It’s the tone of voice when I speak to my insurers. ‘Is there anything else I can help you with?’ she says, dropping into the late-night register usually reserved for lovers. This is a shock, an expected shock, after her regional accent and cheerfulness—she finds my jokes funny, genuinely funny. We’re practically married after our lengthy discussion about off-street parking and my premium going up. ‘It’s a vibrant local community, diverse and exciting…’ I say, ‘but that does mean car windows will get smashed…’
‘Is there anything else I can help you with?’ she says.
‘There is so much,’ I say, and she laughs aware that our call might be monitored for training purposes. ‘Time is passing and my credit rating is zero but if you could believe in me…’
Pause on the line. Her breathing and mine, slowing to each other, wind through trees on the hillside and my mouth against her ear. In the silence we are growing closer. Every breath draws us together.
‘Hello?’
The opticians is a dangerous place for everyday acts of intimacy but with my glasses off I won’t be able to so easily see the Arab optometrist, her sleek black ponytail that bobs in her wake and says No NO YES YES! And I have no money. The best defence against desire.
She sits me in the chair, piping brightly about hereditary diseases and I smell almond butter on her skin.
‘Always keep a spare pair of glasses in the car in case of an emergency…’
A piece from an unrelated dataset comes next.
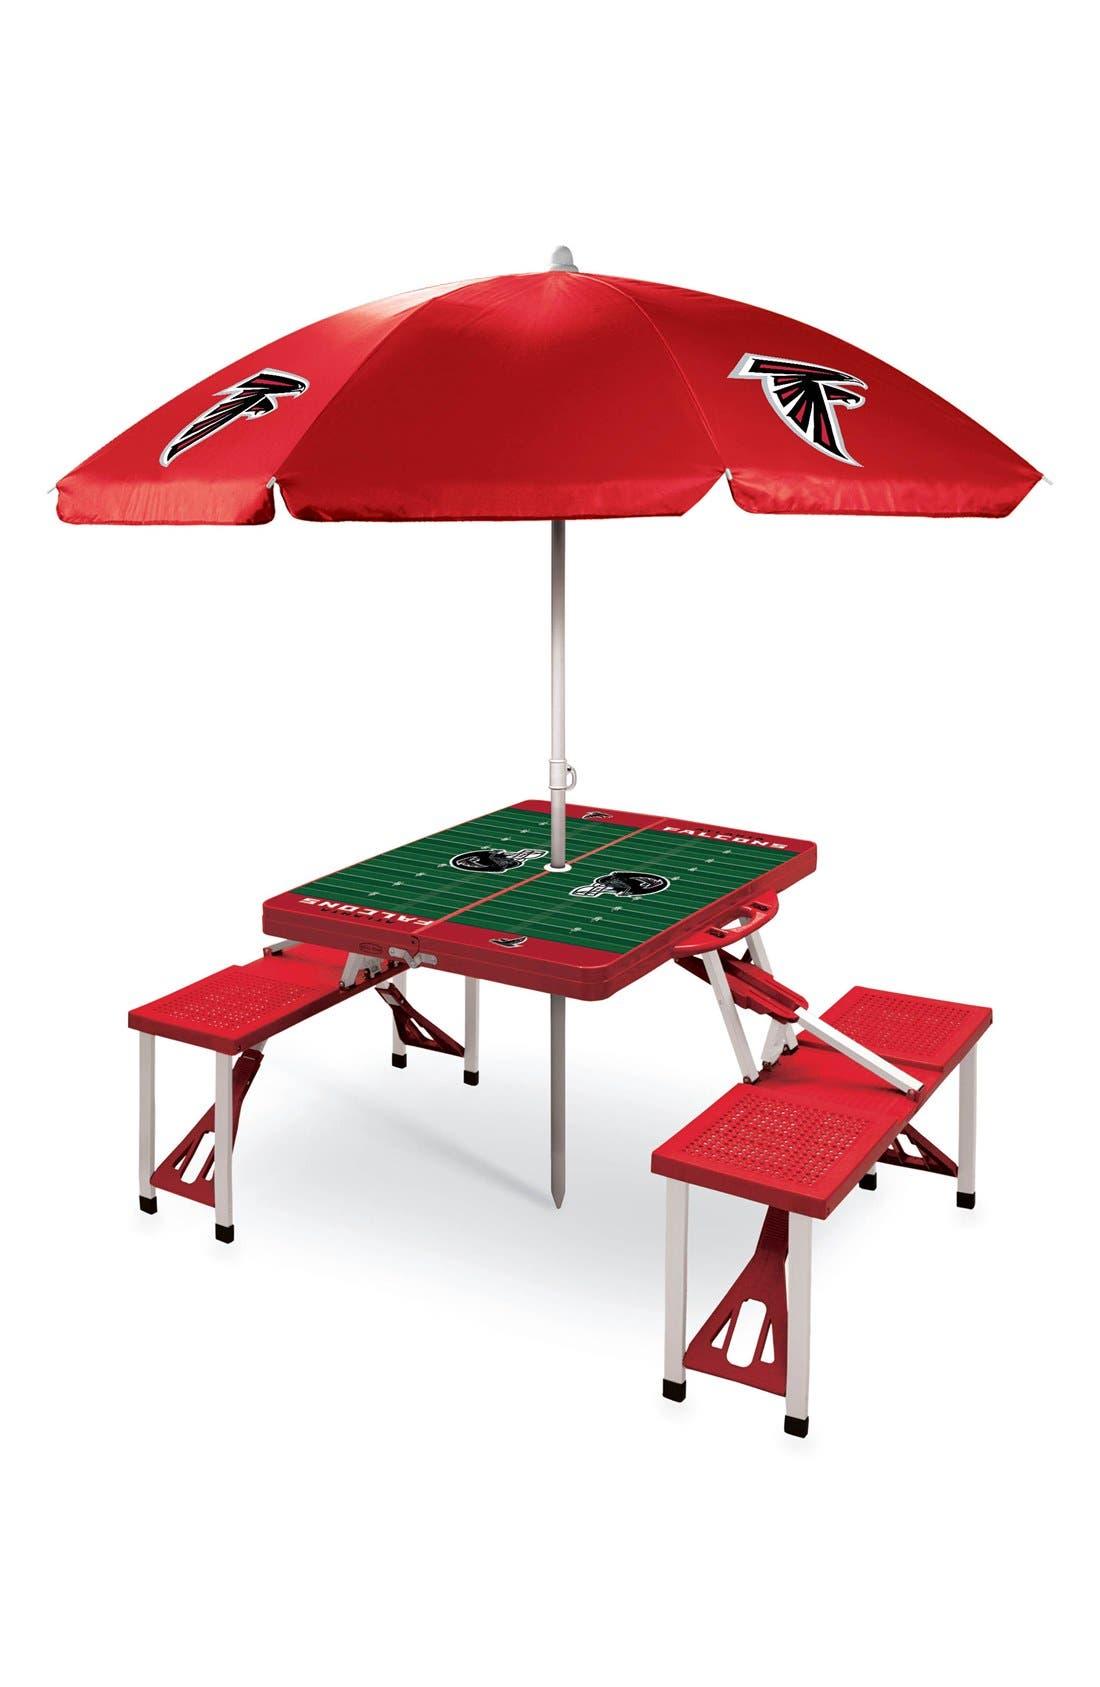 Picnic Time Team Football Field Design Portable Picnic Table with Umbrella

She must have felt it too – the emergency in this consulting room while she drops green and red lenses into my frames. If you attune your breathing to someone else then boundaries are breached and the amoeba splits open.
Her breathing is deeper and her nostrils, tinged with fine red capillaries, widen. She’s been bred to highly strung perfection. I imagine her smashing up the tiled kitchen I’ve installed on our second date because I forgot to put fresh coriander in the humous. ‘Please take your glasses off…’ She’ll see me naked, obscenely so without black frames — not even a lover gets to see that — and she leans in close, too close, and my heart is pummeling my chest, a bruised and ruptured cranberry.
‘I’m going to test your eye pressure.’
‘Hang on,’ I say. If I can preserve this moment a little longer our pheromones will do the rest. We are lovers now, surely this proximity of scent and skin and her eye fastened on mine. I could lick her eyelashes.
‘Just a little jet of air,’ and the jolt flings me over the chair.
I buy everything she offers. Designer frames (two pairs), anti-glare coatings, a built-in chip that detects infra-red emissions from the human heart. We go upstairs into the shop, her silk blouse is pressed to perfection, her ponytail is so well oiled that it slaps against her neck. I keep close. What happened downstairs is the beginning of a new way of talking: naked, without glasses and with lemon coriander tucked behind our ears we’ll sniff each other out in her rooftop apartment.
‘My colleague will deal with the transaction…’
‘What?’ I say. How can she withdraw so quickly when we’ve said so much without saying anything at all. If something’s worth fighting for… Three men in suits stroll in, chatting loudly and whisk her off to lunch in a black BMW. My heart is contracting or is it growing stronger? I shuffle to the desk with my pointed blue designer frames, an idiotic pair of glasses – how could Yasmin be so cruel? They make me look like a confirmed lover of the Arts.
I take out my credit card, a month’s wages for what? For a moment downstairs by the eye-charts with words in an unpronounceable language that I’ll never master.
The girl is smaller, less confident. She wears a brace and glasses just like mine. ‘Good choice,’ she says and hands me the machine. I can’t move. She’s doing it too.
‘Would you like me to put it in?’
I cannot believe her boldness. This girl is reaching out to me in broad daylight and to cover my embarrassment I nod and shut my eyes.